Prunus mira

Scientific classification
- Kingdom: Plantae
- Clade: Embryophytes
- Clade: Tracheophytes
- Clade: Spermatophytes
- Clade: Angiosperms
- Clade: Eudicots
- Clade: Rosids
- Order: Rosales
- Family: Rosaceae
- Genus: Prunus
- Species: P. mira
- Binomial name: Prunus mira Koehne
- Synonyms: Amygdalus mira K.Koch; Amygdalus mira (Koehne) T.T.Yu & L.T.Lu; Amygdalus mira (Koehne) Ricker; Persica mira (Koehne) Kov. & Kost.;

= Prunus mira =

- Authority: Koehne
- Synonyms: Amygdalus mira K.Koch, Amygdalus mira (Koehne) T.T.Yu & L.T.Lu, Amygdalus mira (Koehne) Ricker, Persica mira (Koehne) Kov. & Kost.

Species of plant

Prunus mira, the smooth stone peach, smooth-pit peach or Tibetan peach, and locally called behmi, behimi or tirul, is a species of Prunus native to the foothills of the Himalayas and the Tibetan plateau, at elevations typically between 2600 m and 3000 m, but ranging from 2000 m to 4000 m.

== Description ==
Prunus mira grows to 8-12 m tall and the trunks 16 cm in diameter (DBH).
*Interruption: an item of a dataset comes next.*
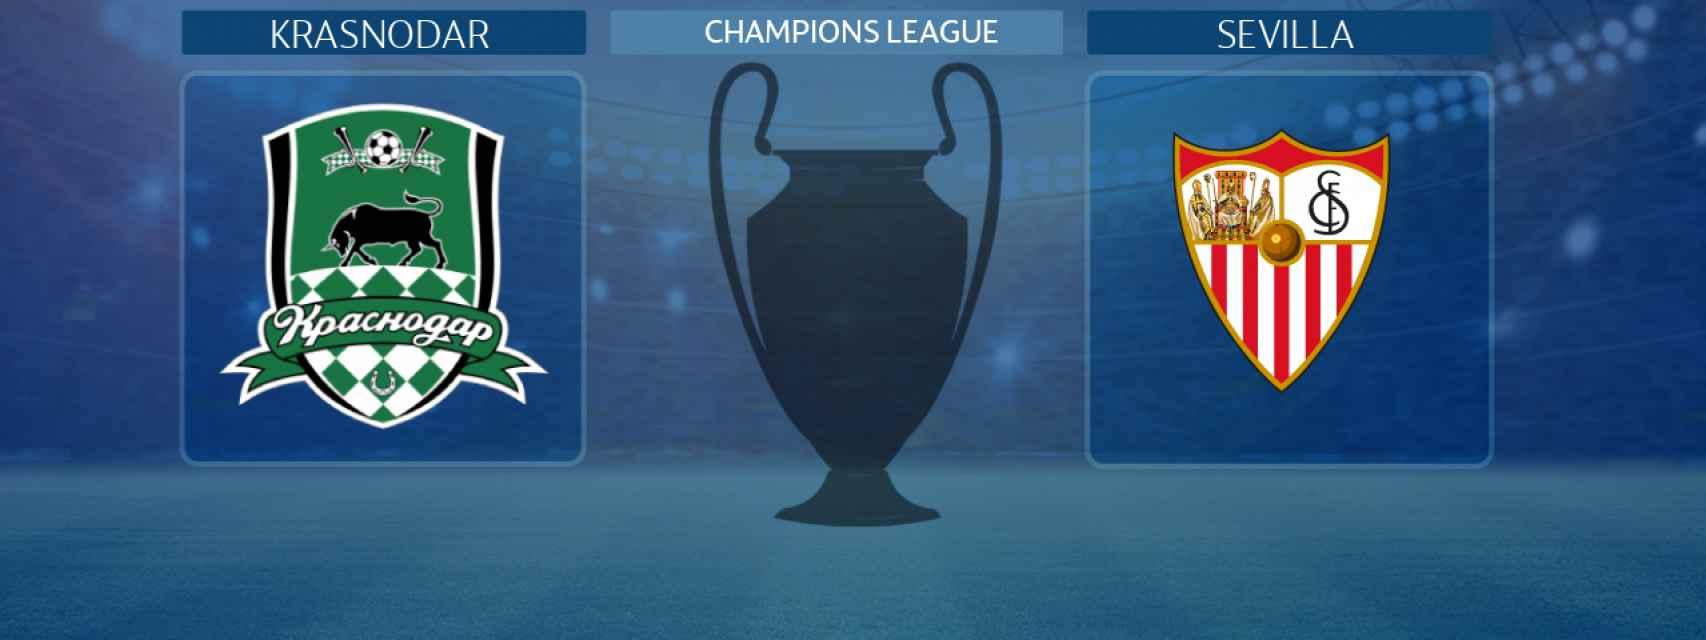 Krasnodar - Sevilla, partido de la Champions League

The leaves are lanceolate, 5-10 cm long and 1.2-4 cm wide. The flowers are pinkish white. The 2 by 3 cm ovoid fruit has white flesh. As the common name suggests, the stone is smooth.

== Uses ==
The trees are cultivated in some parts of their native range, for their fruit (which is often pickled), their seeds (as a substitute for almonds), and for their seed oil, which is used for cooking and hair oil. The rootstocks are used for almonds and for dwarfing peach trees, and are resistant to powdery mildew.